Глава 8

Тут ведь такое дело — я знаю, что у меня на личном фронте все прекрасно. И я свою Машеньку крепко люблю, а она меня ждет и надеется на мое возращение. Почему я так уверен? Да хотя бы потому, что к моменту моего ухода в армию она была уже на втором месяце беременности. И ее родители, зная об этом, уже в животе любили и обожали внука (внучку) и даже назвали Аркадием (если он) или Катей (если она).

Даже если гипотетически предположить, что жена вдруг радикально изменит свою позицию и разлюбит меня (ситуация совершенно фантастическая), то кому она такая нужна замужняя и с ребенком?

И полковник Назаров великолепно знает, что я женат, и мы с женой любим друг друга. Казалось бы, все уже кончено и даже говорить не о чем. Но вступает новый фактор — неисповедимая женщина по имени девушка Вероника и весь миропорядок рушится.

Нет, разумеется Машу я любить не перестал. Но проблема совсем не в этом. Она угнездилась в это девчушке, так красивенькой и хорошенькой, какими они бывают где-то в 17 — 18 лет. И взгляд ее любопытный и, по-моему, уже влюбленный. Господи, три слова всего сказано и два взгляда брошено!
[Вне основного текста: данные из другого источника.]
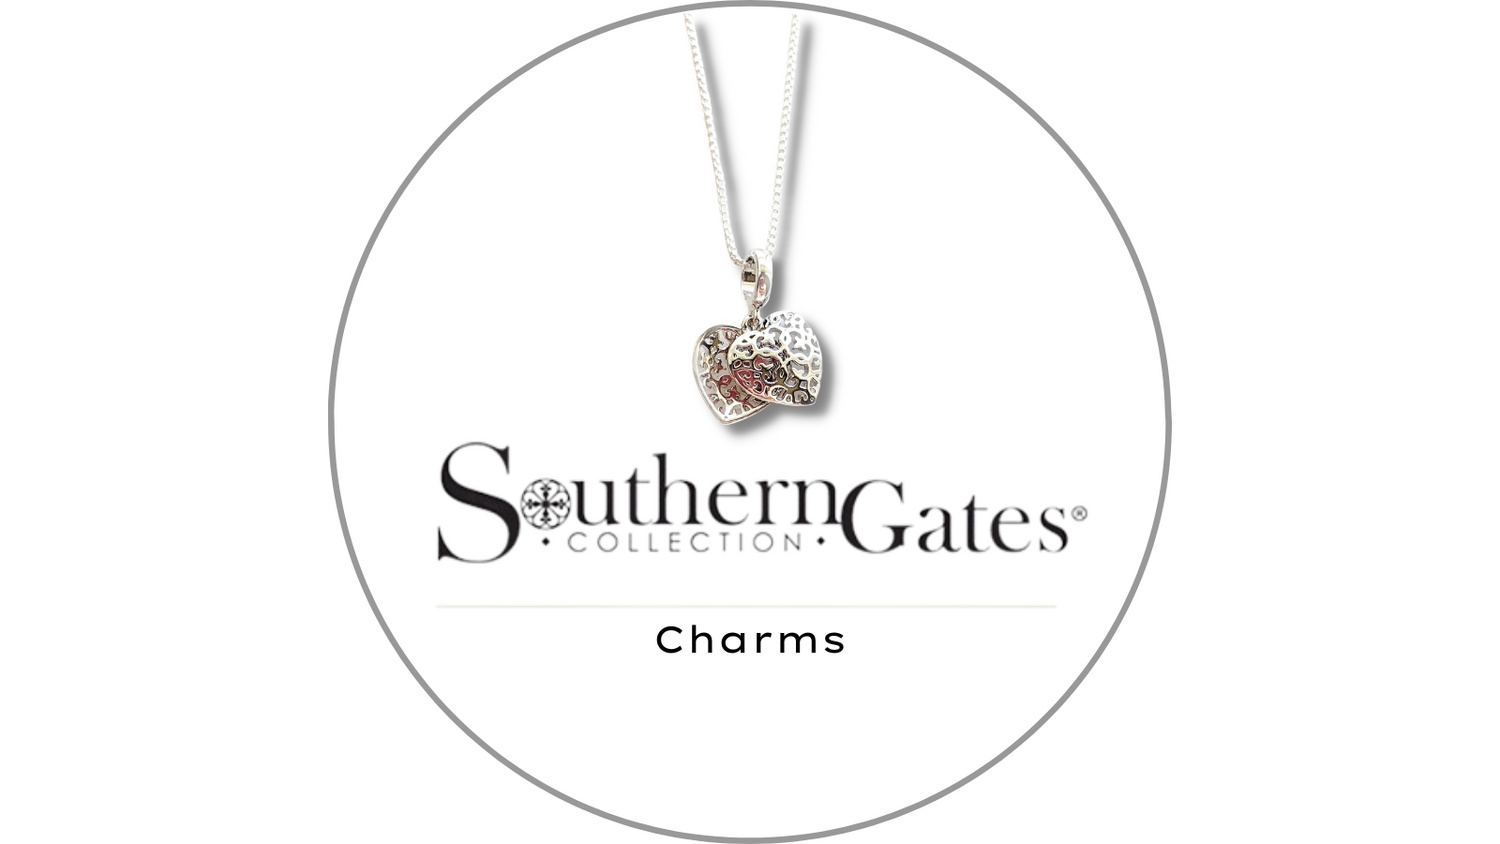 Southern Gates Charms

И я, со своим старческим многолетним опытом понимаю, что это конец. Видел уже в прошлой жизни и на занятиях и даже в собственном деканате, как эти юные девушки мгновенно вспыхивают и как потом тяжело и мучительно их оторвать (если, конечно, представитель мужского пола хочет это). И при этом данная любовь может быть адресована кому угодно — сокурснику, доценту, даже мне, тогда уже немолодому декану. И ведь красивая вроде бы студентка, а так вляпается.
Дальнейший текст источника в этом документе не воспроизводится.